7. The Enforcement Layer (Hooks)
enforcement
Writ ships about thirty bash hooks that fire at well-defined moments in the
agent's lifecycle. They inject rules, validate writes, and block actions that would
violate the workflow.
When hooks fire
- SessionStart: load mandatory rules, register the session.
- UserPromptSubmit: inject the always-active rules block and
run the RAG retrieval for the prompt.
- PreToolUse (Write, Edit, Bash, Read, ExitPlanMode, Task, TodoWrite):
validate that the action is allowed in the current phase, and that the file passes
structural checks.
- PostToolUse: validate the written file against rules, mark
pending tests, and inject any rules surfaced by the write itself.
- Stop / SessionEnd: run pending tests, log friction events,
audit the session.
- PreCompact / PostCompact: snapshot and restore state across
context compactions.
The gate system
- Each phase has a gate file:
plan.md for planning, the test skeletons
for testing, the implementation files for implementation.

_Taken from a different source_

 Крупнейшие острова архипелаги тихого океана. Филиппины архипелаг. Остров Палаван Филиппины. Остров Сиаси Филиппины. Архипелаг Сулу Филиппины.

- A pre-write hook checks the gate state before allowing the write. If the
current phase forbids the action, the hook denies with an explicit reason.

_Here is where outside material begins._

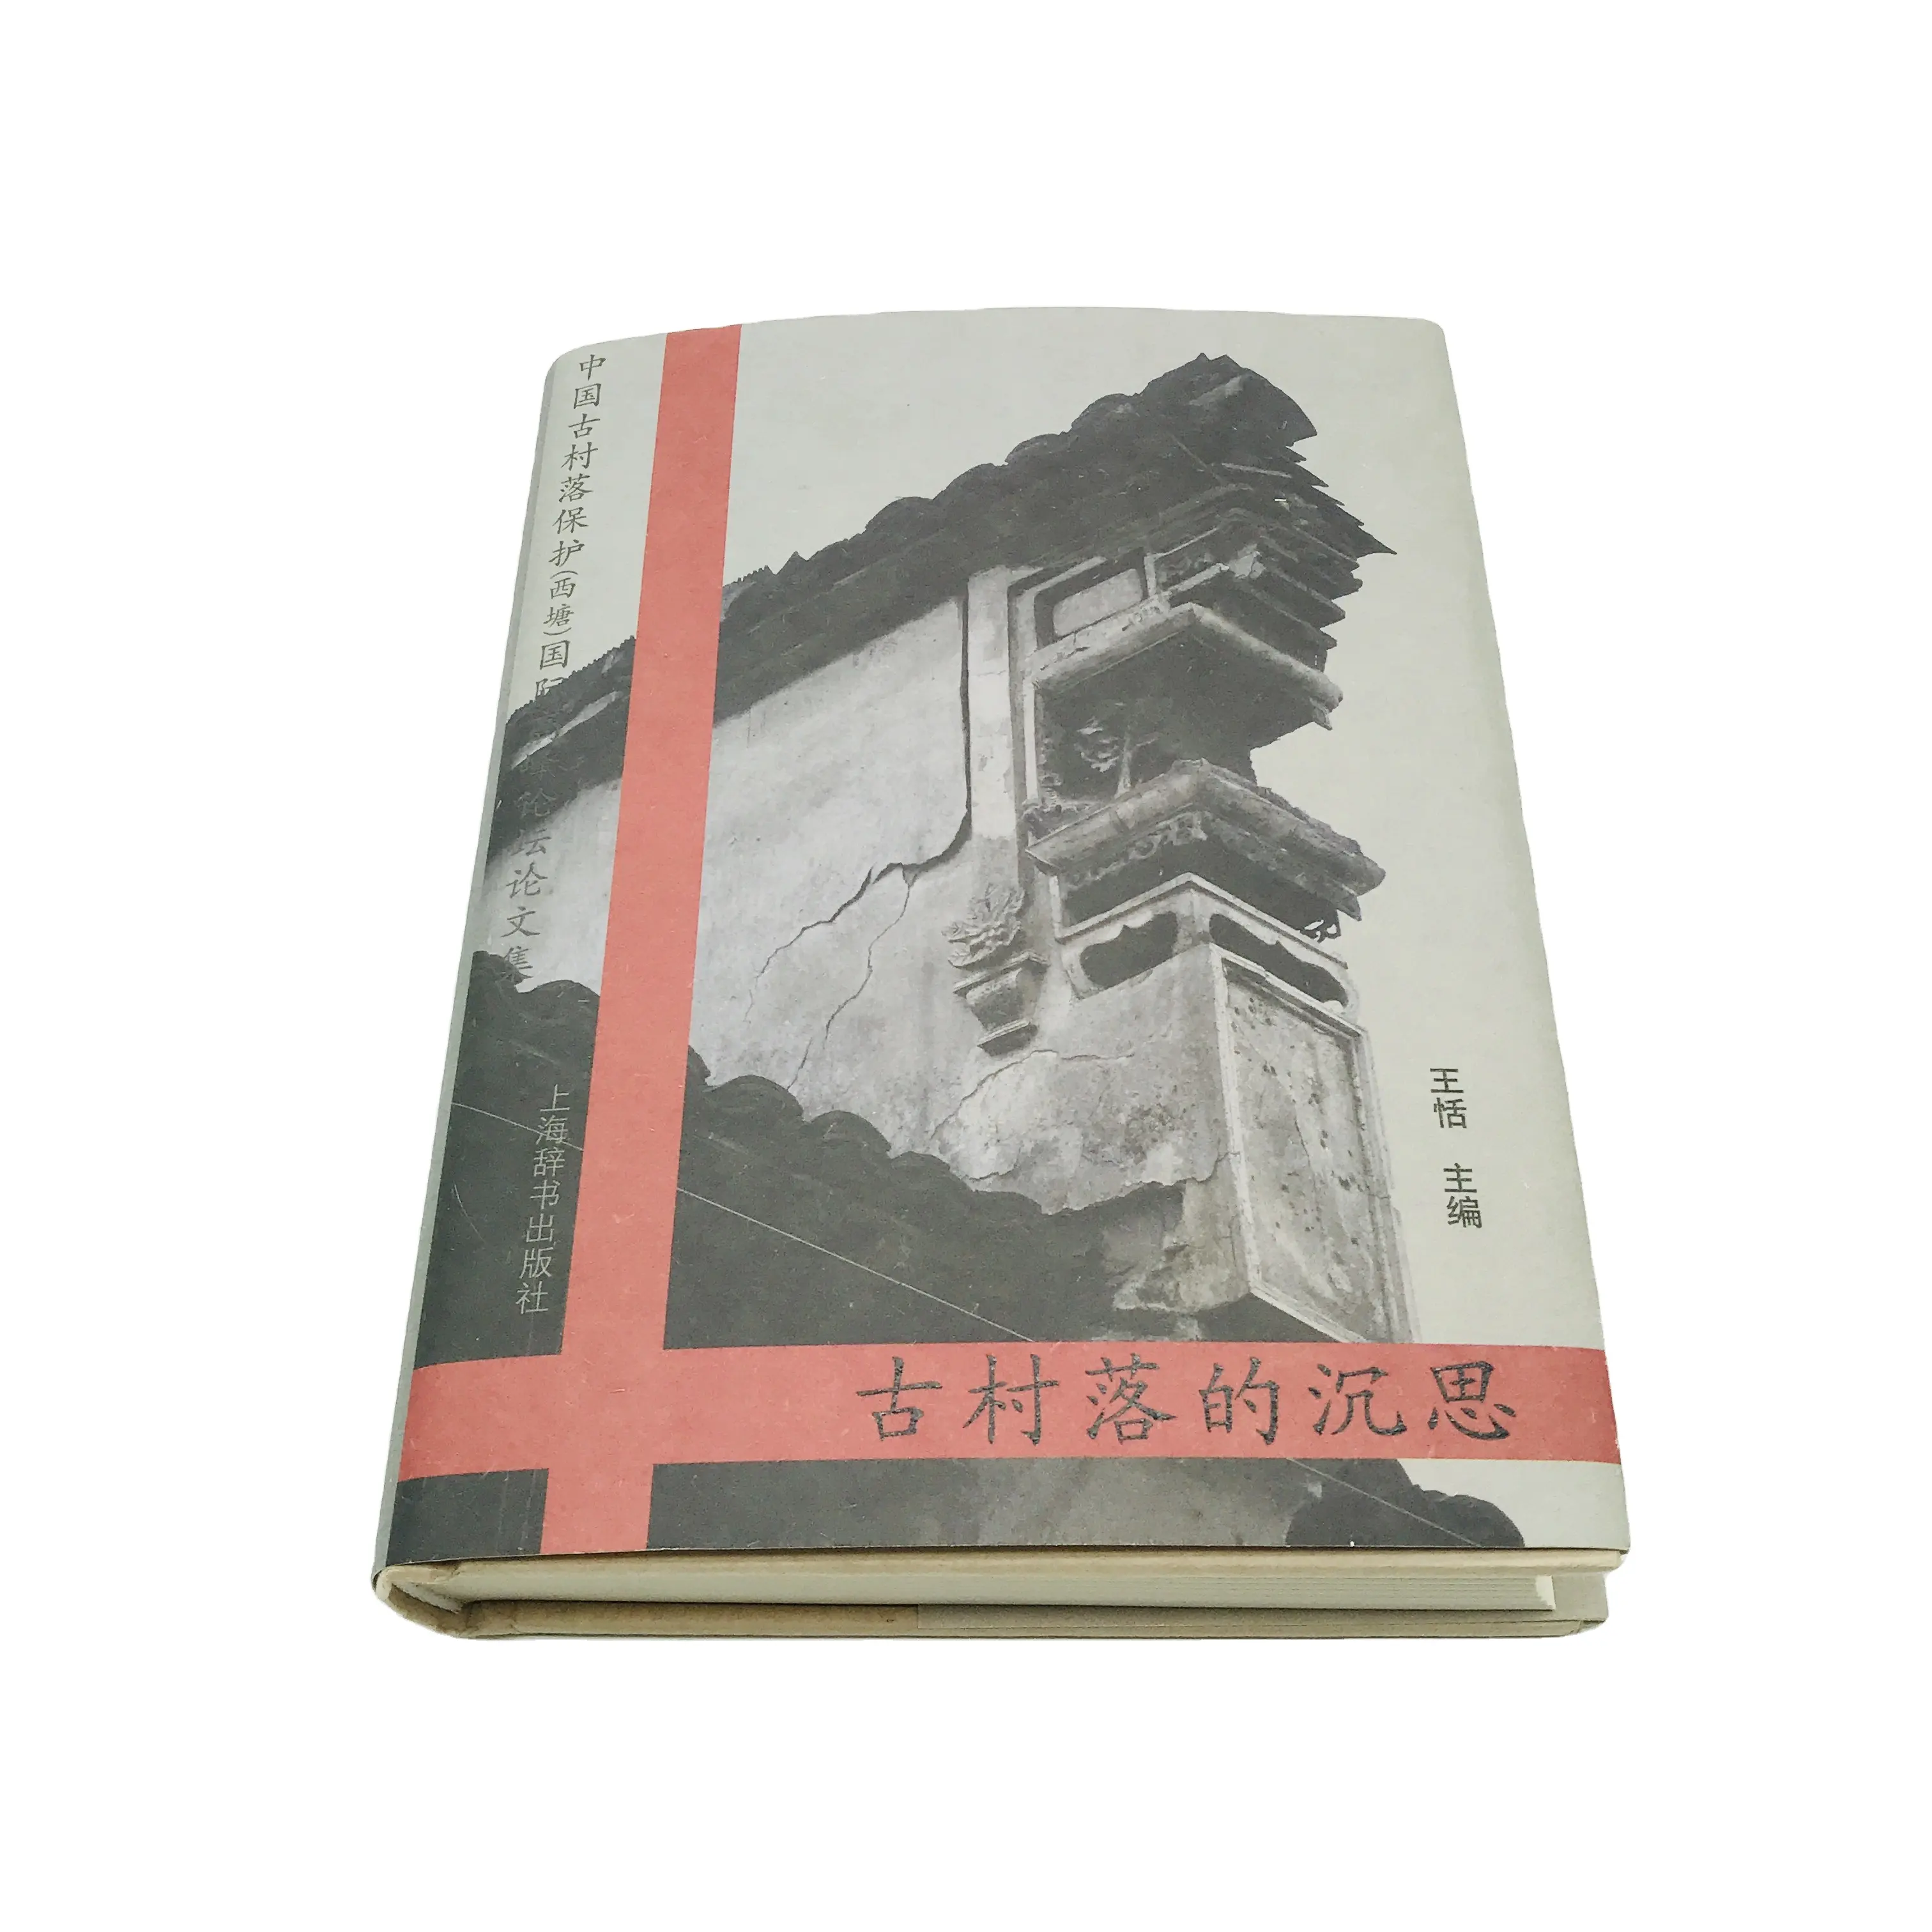 SM-JZ023-Libro de tapa dura con impresión negra, obra de arte de la cultura folclórica

- Sub-agent workers are exempt from the gate: they run in their own session
with
is_subagent: true, so they can do their assigned task without
the orchestrator's phase pressure.
How risky rule proposals are filtered
- The "structural gate" runs five checks before any AI-proposed rule enters the graph:
schema validation, mechanical enforcement path (for mandatory rules), specificity
(rejecting vague language like "consider" or "try to"), redundancy (cosine similarity
against existing rules), and conflict (against CONFLICTS_WITH edges).
- Source:
writ/gate.py:54-221.
8. The Evolution Model
corpus
The corpus is not static. AI agents propose new rules, structural gates filter the
noise, and frequency tracking promotes rules that actually pay off in practice.
The authority ladder
- human: the default for hand-authored rules.

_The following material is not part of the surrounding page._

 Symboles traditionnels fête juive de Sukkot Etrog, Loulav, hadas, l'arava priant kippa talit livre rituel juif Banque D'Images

- ai-provisional: the only authority an AI proposal can claim,
forced by
propose_rule. Bound to speculative confidence
(weight 0.3).
- ai-promoted: set by
writ review --promote after
a human reviewer accepts an AI-provisional rule. Confidence bumps to
peer-reviewed (weight 0.6).
The confidence ladder
- speculative (0.3): freshly proposed by AI.
- peer-reviewed (0.6): a human approved promotion.
- production-validated (0.8): static default for established rules.
- battle-tested (1.0): granted only by empirical frequency.
Frequency graduation
- Every time a rule fires, the system records whether it stuck (the agent
followed it) or was rationalized away.
- Once a rule reaches 50 observations with a 75%+ positive ratio, the empirical
ratio overrides the static confidence weight in ranking.
- Source:
writ/frequency.py.
The structural gate (one more time)
- No AI proposal reaches the graph without passing all five gate checks. This is
how Writ keeps an AI from polluting its own corpus.